Reflections on a Year in the Grips of Depression
This year was supposed to be the year I sorted myself out. It hasn’t quite worked out like that. Although I started 2016 in a pretty dark place, I had no idea 12 months ago it was going to push me further into the abyss than I had ever been.
Reflecting on the year that’s passed stirs up a lot of emotions. There have been great times spent with friends and family, particularly our once-in-a-lifetime trip to Australia. Something I was in total denial about at the beginning of the year. Yet, there have also been the worst of times. Even though it felt unimaginable this time last year, there were times in 2016 that were far worse than anything I’ve been through before.

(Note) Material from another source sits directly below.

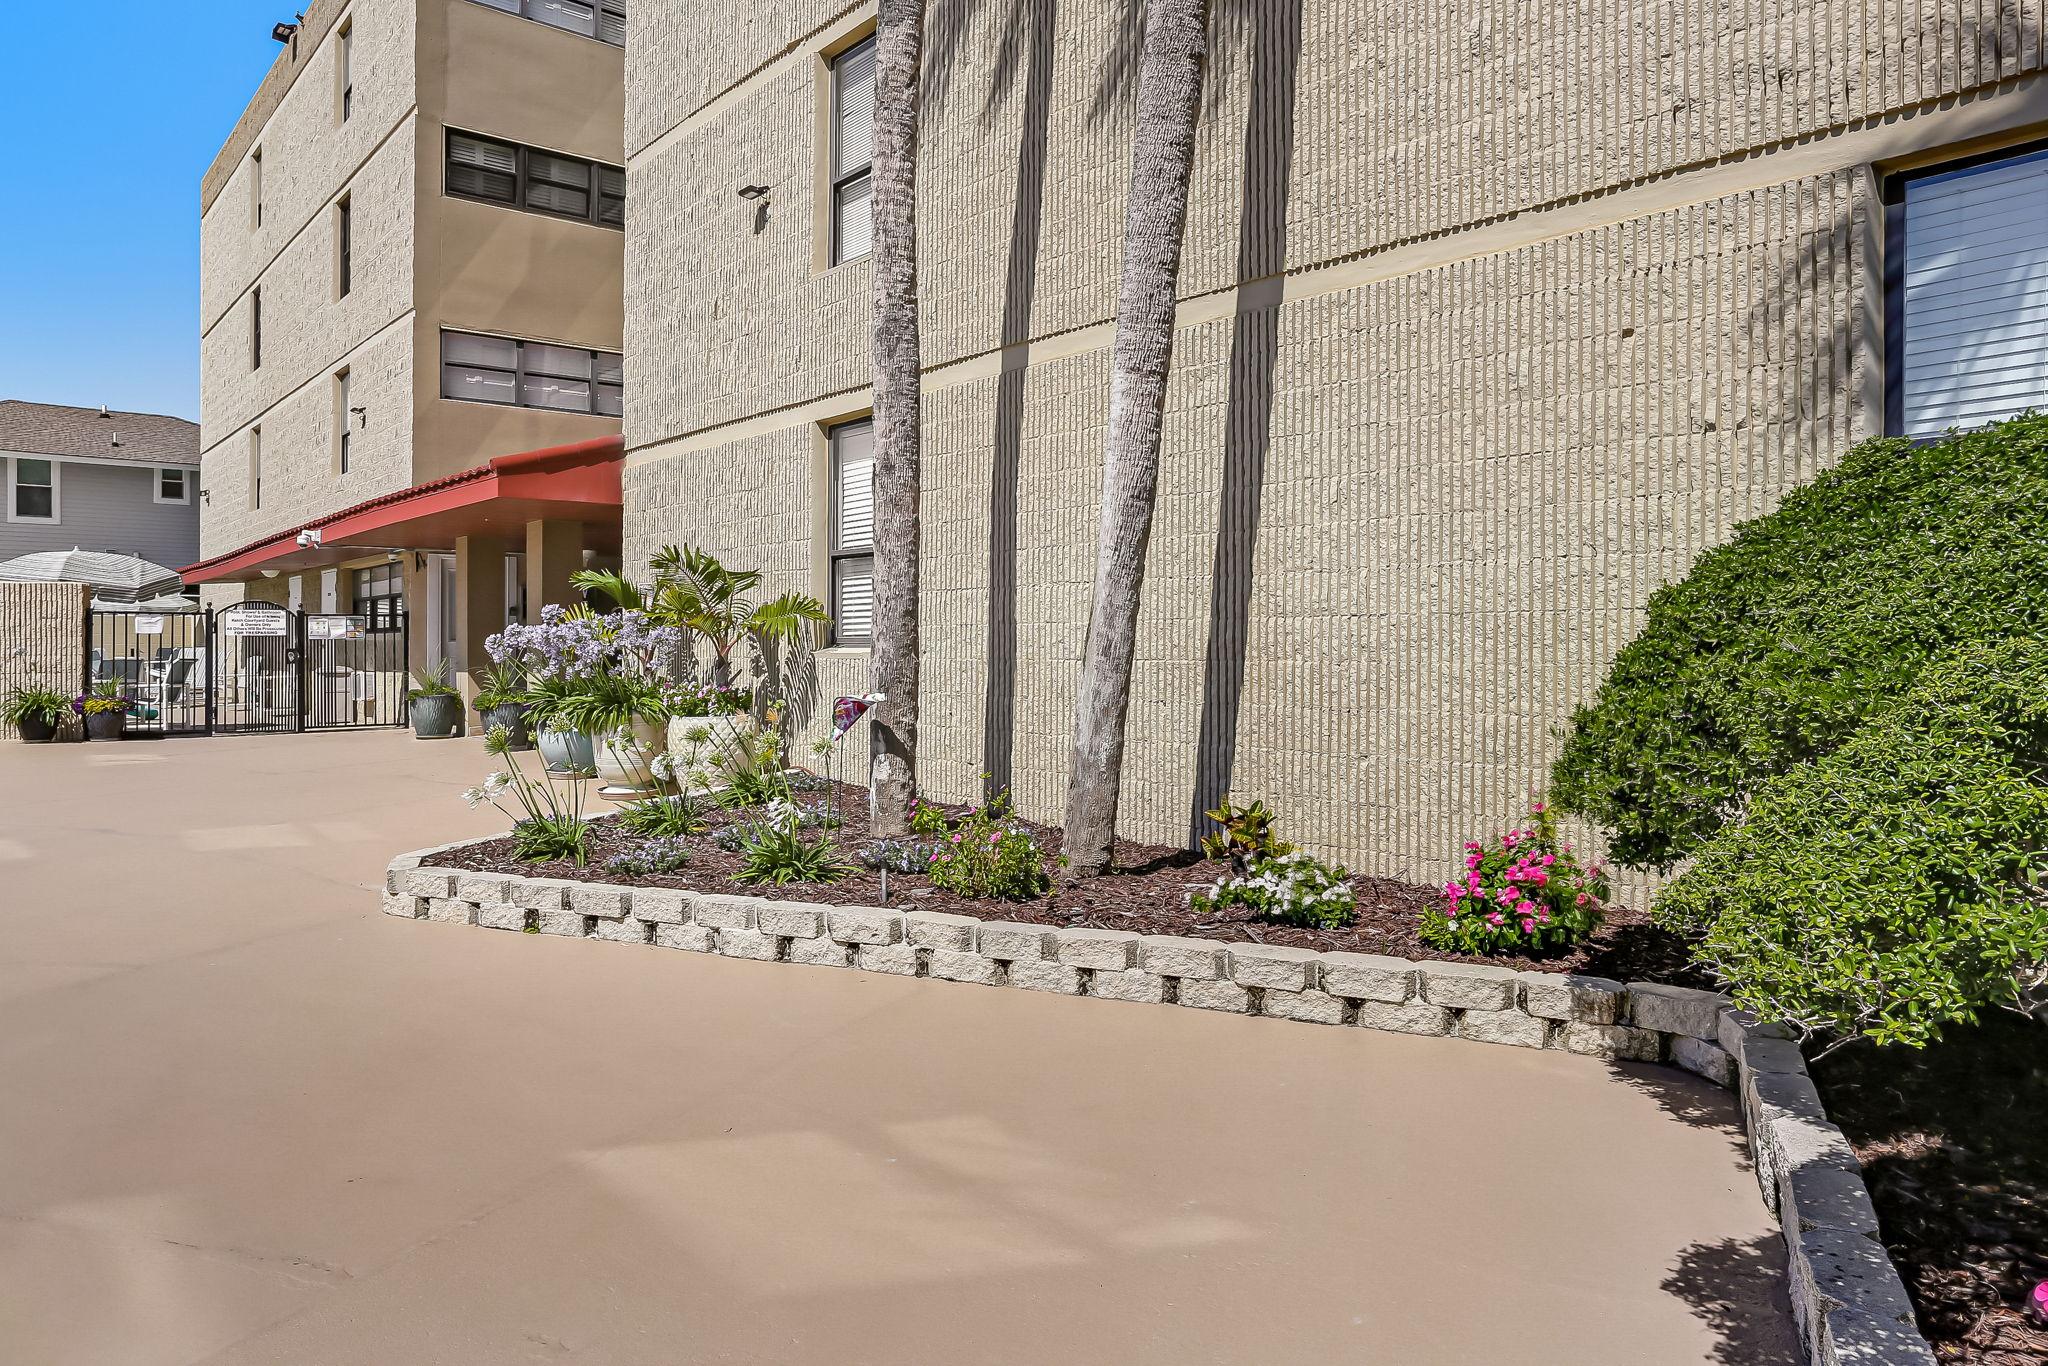 Ketch Courtyard

I came back from Australia at the end of August on a high, with so many great memories and feeling strong and sorted out as we headed into the new school year. Two weeks later, I tried to end my life.
The events of the past four months, the suicide attempt, the hospitalization, the social services assessment and the loss of so many things I held dear, have left me totally shell-shocked. I didn’t intend or expect, on that September day, to be seeing another new year. However, I am. Despite the fact that I’m still patching things back together and some of the cracks will never heal, I’m glad, now, to be here.
As I think about the year ahead, I know I’m standing on unstable ground. I know I can’t make promises about what’s going to happen with my mental health. I’m not making resolutions I may not be able to keep. Even though I’m still reeling from the experiences I’ve been through, I feel I’m ending 2016 in a better place than I was 12 months ago.
I’m changed, without a doubt. I’ve lived through things I never expected to. I’m still rocked by the trauma of it all. I have a new diagnosis and another potential secondary diagnosis. I have new medication and an intensive program of therapy helping me make sense of the mess.
It’s true that I’m not where I hoped to be at the end of 2016 — content, confident, together and healed. I’m still wrestling with the demons of mental illness, bearing new scars on the inside and the outside, far from healed. Yet, I’m not where I was either.
With the help of my family, the National Health Service and the best friends anyone could have, I’ve lived through the worst time of my life and survived. I’m looking ahead to a new year with something I was lacking this time last year: hope.